A spokesman for the Department of Correction declined to comment, citing the agency’s policy not to discuss pending litigation publicly. But in a letter to Prisoners’ Legal Services, the commissioner of the Department of Correction, Thomas A. Turco III, said he has the authority to transfer patients committed under Section 35 to the Bridgewater prison campus.
He said patients were transferred to Bridgewater after they escaped from the Plymouth facility or assaulted staff or other patients.
“Even within the more secure . . . unit, many of the patients have continued to engage in disruptive and destructive behavior,” Turco wrote. “These civilly committed patients are most assuredly not being punished for their substance use disorders.”
Turco said patients in Bridgewater are monitored by medical providers, can go outside for recreation, have access to group therapy five days a week and to individual counselors, and are watched closely as they detox.
But Tenneriello said DOC mismanaged the transfer to Plymouth. Treatment measures were not in place and patients were confused and frustrated, causing some of them to walk away from the Plymouth grounds.
The Department of Correction sent officers armed with guns and dogs to round up the men and take them to Bridgewater, according to the complaint. Hernandez’s son said an officer held a gun to his head and threatened to shoot him.
Because DOC had closed its old treatment center, the men were placed at the Massachusetts Treatment Center, which houses sex offenders who are serving criminal sentences or have finished their sentences but remain committed because they were deemed too dangerous for release.
Tenneriello said the conditions there have been so terrible, three men have tried to commit suicide.
The complaint further alleges:
■ Patients are too close to sex offenders, who have access to windows that open on the yard where patients have recreation time. Patients said sex offenders have shouted insults and threatened to rape their relatives.
■ Food portions are too small and prepared by sex offenders who work in the prison kitchen. Patients have found staples in the meals, and some have been too nervous to eat the meager portions for fear of what might be in the food. Hernandez said her son weighed 140 pounds when he was sent to Bridgewater nearly 40 days ago. He now weighs 126 pounds.
■ Patients can have no visitors, except their attorneys. Their mail is read, and their calls are monitored.
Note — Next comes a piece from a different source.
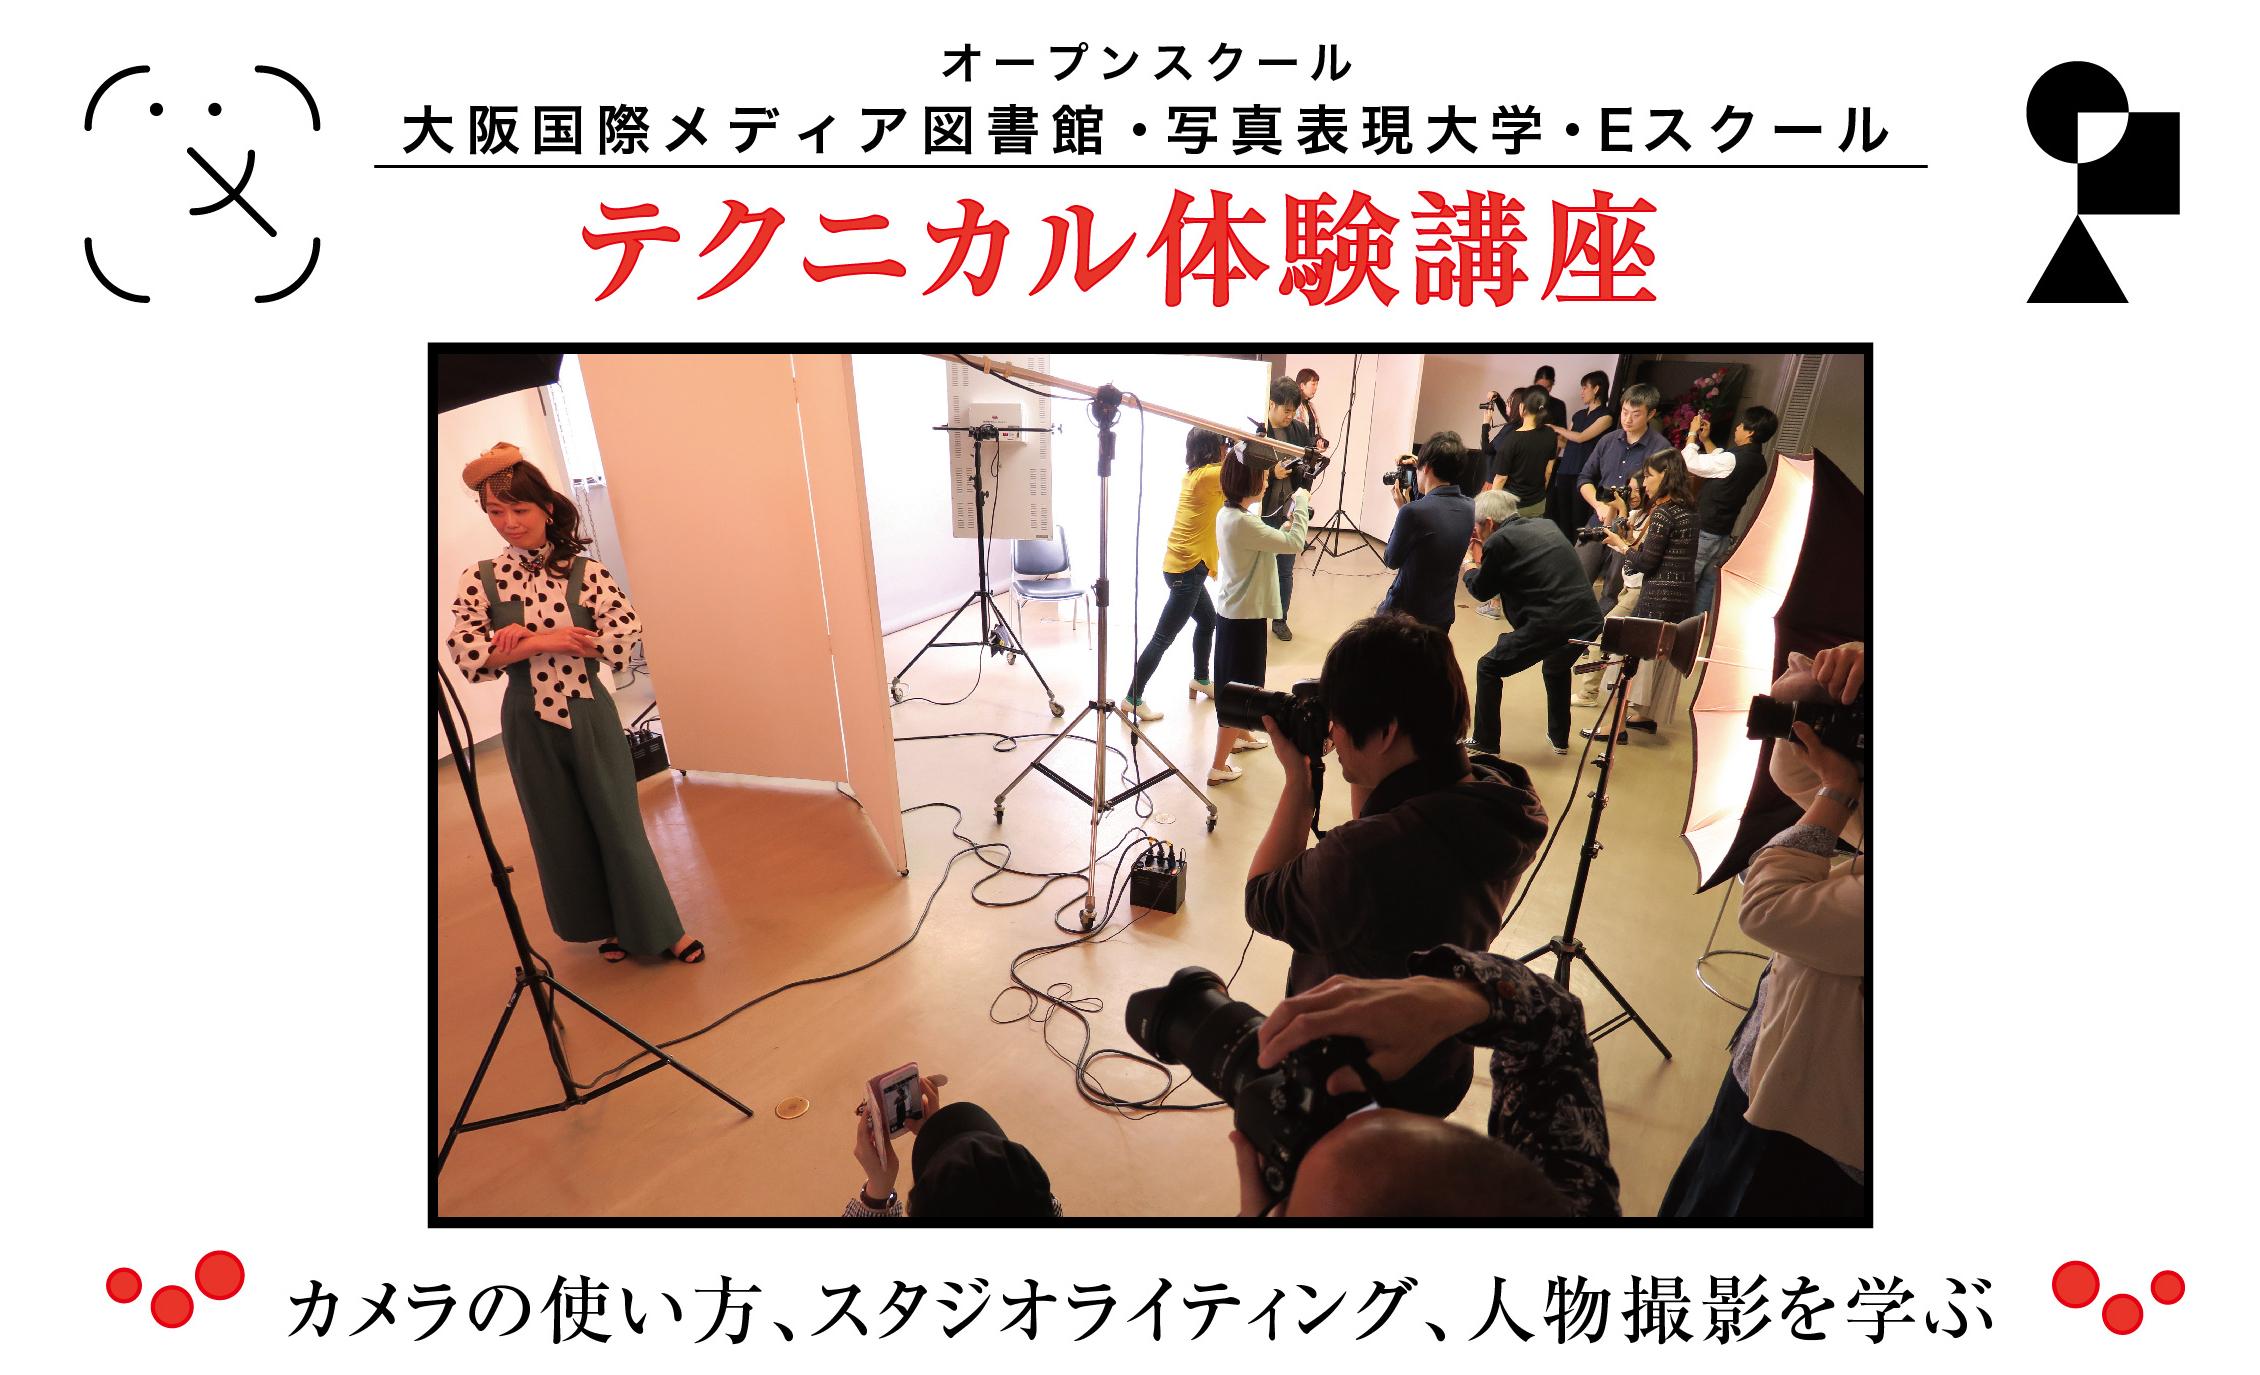 〈テクニカル体験講座〉「カメラの使い方、スタジオライティング、人物撮影を学ぶ」写真の「テクニカル講座」を3回の演習授業で開きます。デジタルカメラに頼るだけでは似た様な写真になりますが、デジタルを使いこなし、自分流の光を創り、人の心を写せば個性豊かな写真ができます。さらには、美術写真史を学び、写真集を見て、撮影を始め、編集の眼力がつけば、作家やプロの道にも進めます。表現者へのゲートが「写真表現大学」のカリキュラムです。〈テクニカル体験講座〉は大阪国際メディア図書館(写真・美術・映像・デザイン・音楽等の専門図書館)が運営する写真表現大学(あらゆる写真を本格的・体系的に学べるフォトスクール)及びEスクール(映像・CG・ドローン・サウンドを横断的・総合的に学べる映像メディア系スクール)の短期講座です。

■ They must wear orange prison jumpsuits and carry identification cards that describe them as “inmates.”
■ Patients who have harmed themselves or behaved in a disruptive way to protest their conditions have been sent to what is called the “Minimum Privilege Unit,” where they are strip-searched in front of sex offenders, housed next to them, and allowed no more than an hour a day outside their cells.
Marion Benoit said her son, who is 18, was held in isolation for eight days after officers accused him of breaking a water sprinkler in his cell.
“They’re being treated like cattle, like animals,” Benoit said. “There is no respect for these men.”
Medical providers contracted by the state are supposed to provide at least 20 hours of treatment a week, but the men said they have received nothing of the kind. Counselors have instead offered the patients word-search puzzles with themes like “Famous American Football Players” to pass the time, they say.